→ **EXERCISE**:
Please transcribe the listing that follows exactly; images are to be excluded.

→ **PROVIDED MATERIAL**:
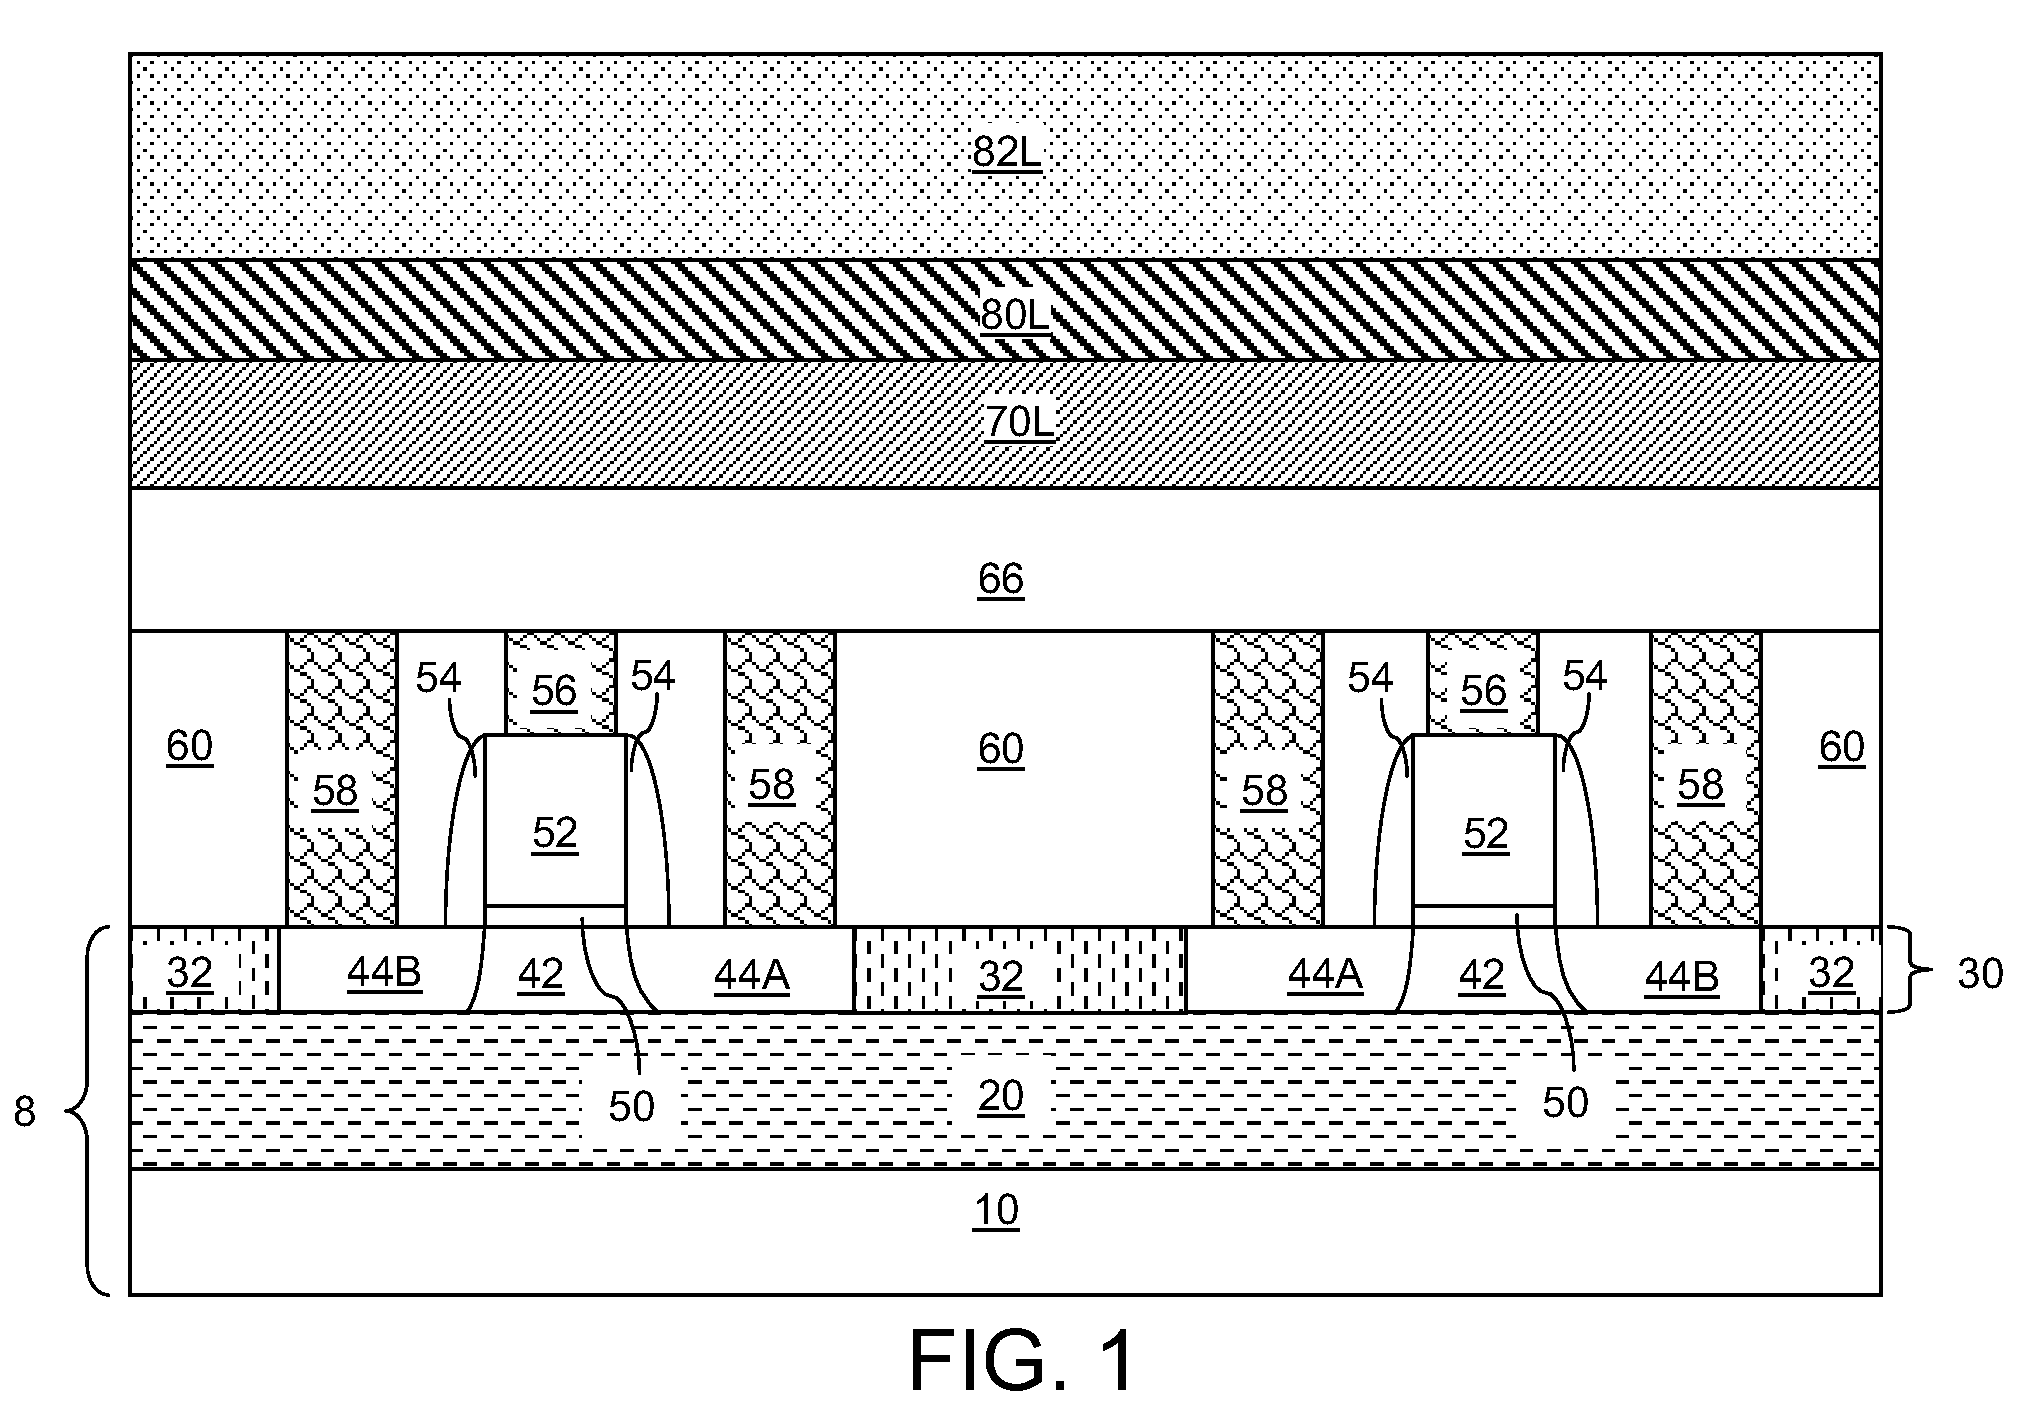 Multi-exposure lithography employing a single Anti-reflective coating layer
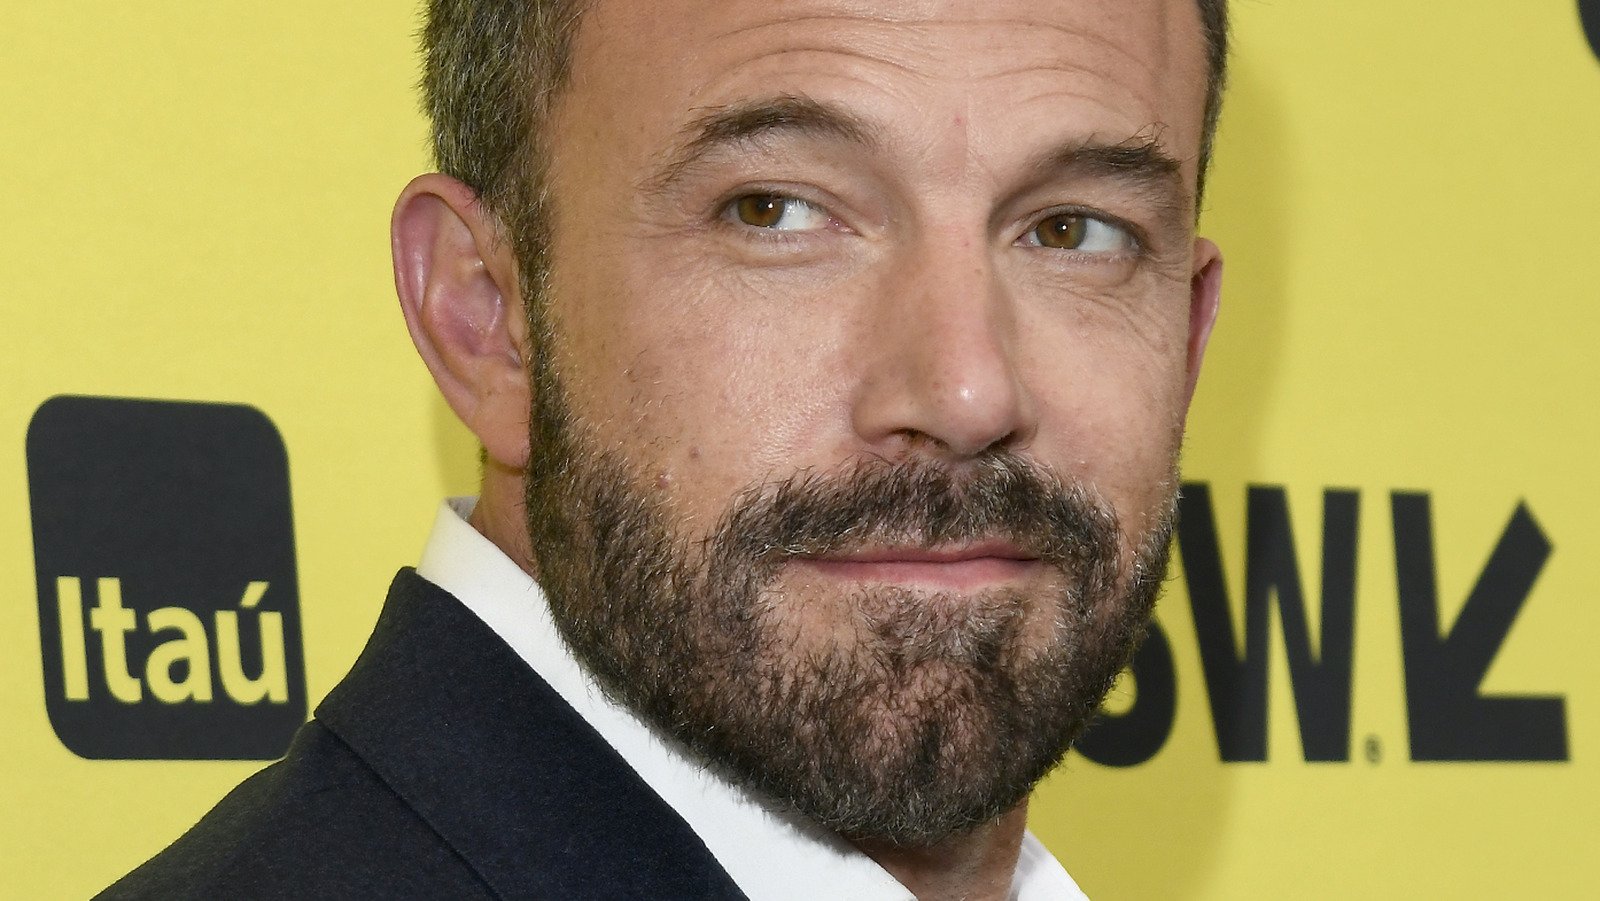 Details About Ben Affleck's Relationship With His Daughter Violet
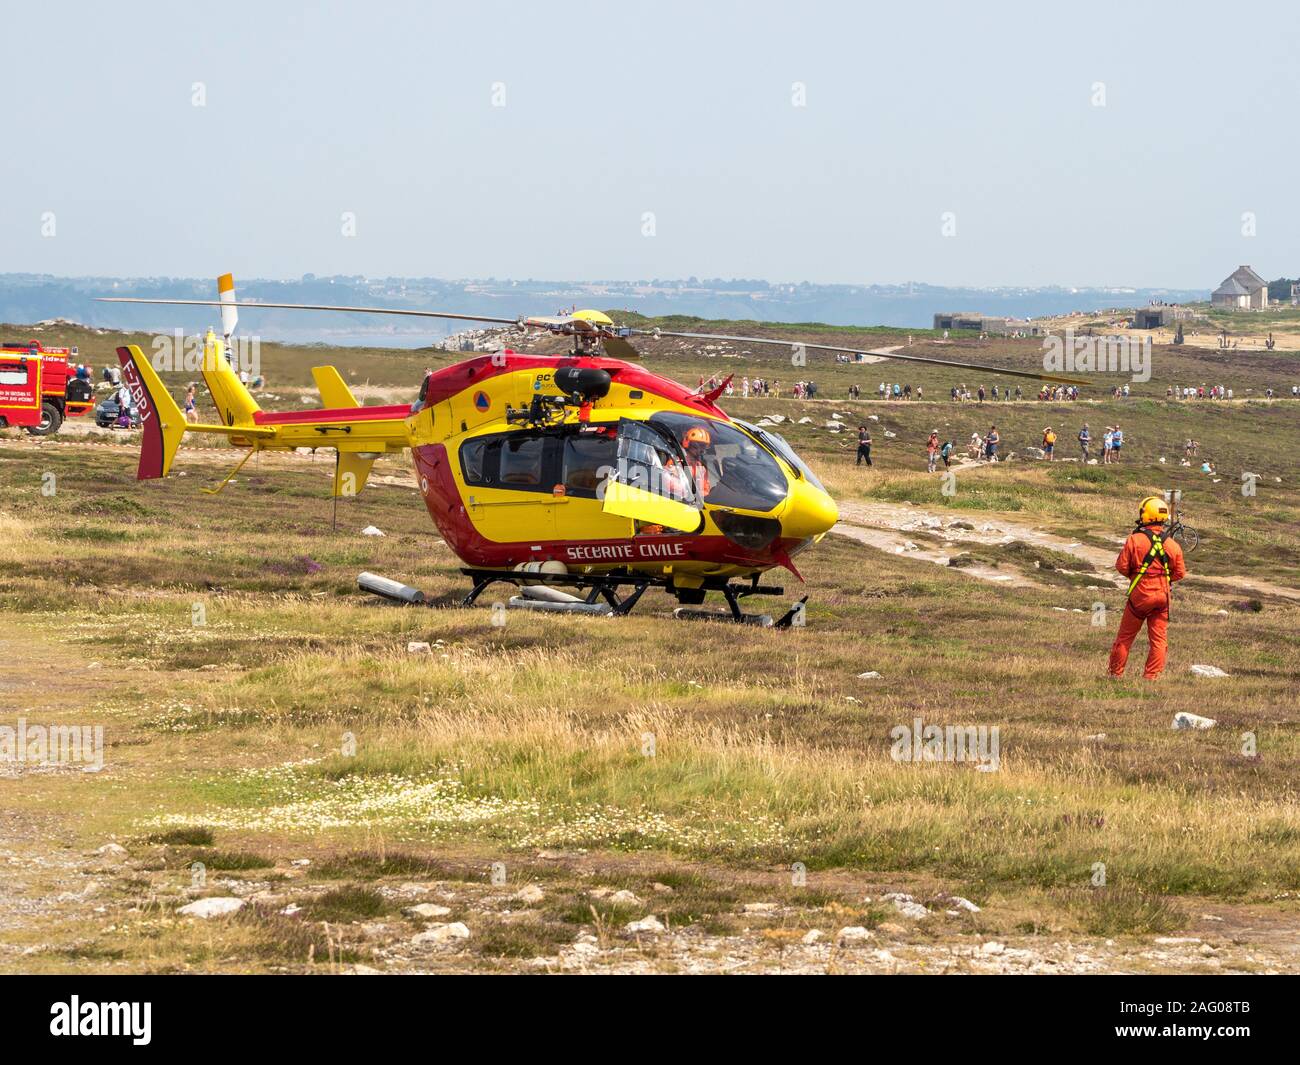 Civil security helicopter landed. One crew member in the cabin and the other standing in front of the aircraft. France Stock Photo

→ **OUTPUT FOR THIS EXERCISE**:
 Multi-exposure lithography employing a single Anti-reflective coating layer
 Details About Ben Affleck's Relationship With His Daughter Violet
 Civil security helicopter landed. One crew member in the cabin and the other standing in front of the aircraft. France Stock Photo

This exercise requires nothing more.